I grew up with a lot of abuse and trauma, also growing in poverty. My mom struggled with mental health, and she was very abusive in many different ways. I started pretty young in my addiction starting with weed and alcohol around age 12 and found pills around 13. I found myself in rehab against my wishes at age 14. I also was placed in foster care around this time. As my life progressed I delt with more trauma and abuse from my mom. I found myself spending more time in treatment than out of it. But every time I got out, I would seek out any type of way to be numb.
I left Minnesota around 18 after leaving a abusive relationship and moved to Kansas City. I thought getting away from the area would help me get clean, but I found even harder drugs, and found myself homeless because I got kicked out for the drugs I was doing. I delt with substance abuse and more abuse once I ended up homeless. I battled with overdoses and suicidal tendencies. I didn’t want to feel, and if I couldn’t use, I just wanted to end it all. Eventually, I moved back to Minnesota to go to rehab, but went back using the night I got out. At this point I was just using wat I could find so it was mostly weed and alcohol, but occasionally ice and when I found some, opiates.
I met my daughter’s father because he was a pot head and I got weed from him.
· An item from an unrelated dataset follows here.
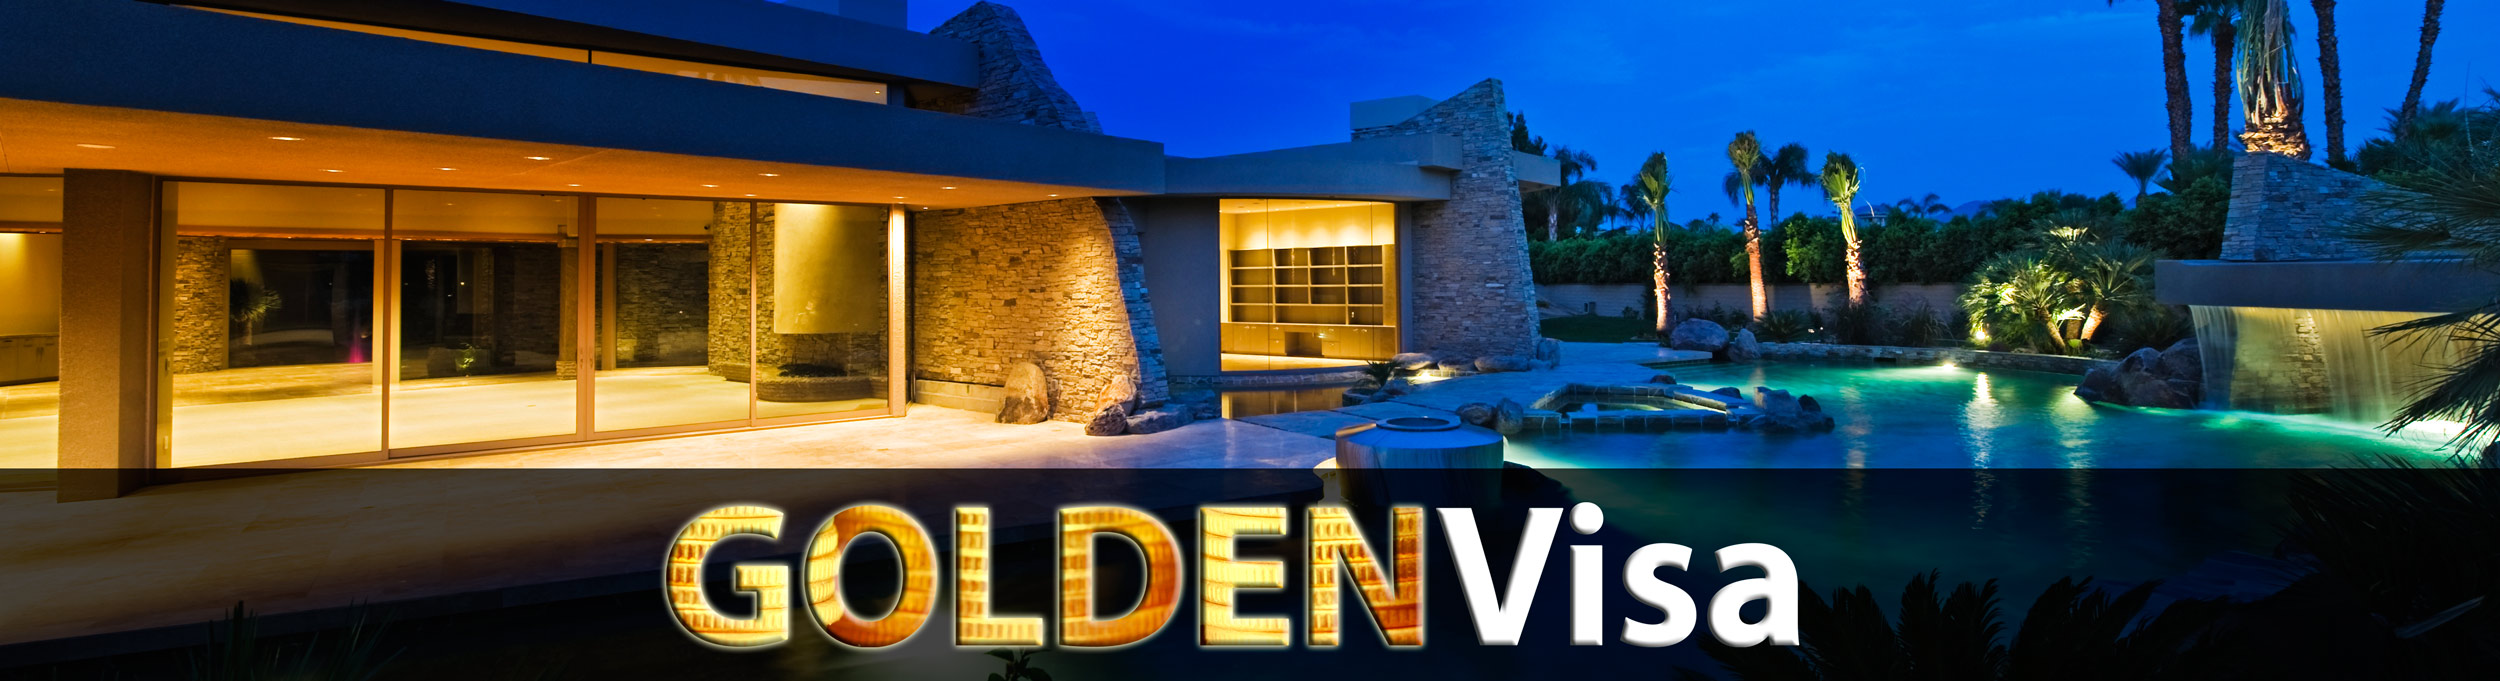 compo-golden-visa-banner-sup-2500

Four months later I found out I was pregnant, and he showed his true colors in terms of how abusive he truly was. I stayed clean till my daughter was a year old, but the abuse really sent me over the edge. I started smoking, drinking and using opiates, as well as occasionally using ice. It finally came to a head when he hit me with his car. I got on a Greyhound with my two year old, alone and terrified, a few months later. I moved back to Kansas City and ended up in a DV shelter and still struggled with using. A couple months after I moved to KC in 2017, I lost my dad and 5 other family members. With these stresses I completely lost control. I was not sober if I did not absolutely have to be. I continued to struggle, doing anything I could get my hands on, but the ice and opiates became a huge problem. I left KC after multiple overdoses and other problems, but within 3 months I relapsed and continued to spiral. In December I met a guy who was a dealer and 2 weeks later he tried to kill me.
I went into detox in a rehab in Florida, but the rehab was not a good fit, so I left and found another. From there I graduated to a half-way house where my daughter could be there with me. I was struggling with self harm and social services took her from me. I flew back to KC and got my car, but as soon as I got there, I was back on everything and more, leading to an overdose in a trap house. To this day I don’t know how I walked away from that. I left KC and went back to South Carolina. I stayed clean for a week but was back out shortly thereafter and my daughter was placed again with my aunt. I almost died from a fentanyl overdose while visiting a friend back in Florida. I was shooting ice and heroin and also taking Xanax. I made my way back to South Carolina where my daughter was and got into the Salvation Army.
From there, I had a few more months using, but when social services got further involved, I finally got into an outpatient program and was clean. I got on Medication Assisted Therapy (MAT) to help me stay clean. I fought to get a place, and it took a year, but I finally got my daughter back with me permanently. Since then things have gotten much better, they are not perfect, and I continue to go to meetings and work on my mental health, along with my relationship with my daughter. I am still on MAT but as on July 2023 I have 2 years clean and continue to work every day so that I never have to go back to that life. My daughter is the main reason I am here today, and I know that if I ever touch drugs again, I will end up dead. I am so grateful that I got as many chances that I did, and I continue to not take it for granted. Thanks for letting me share my story.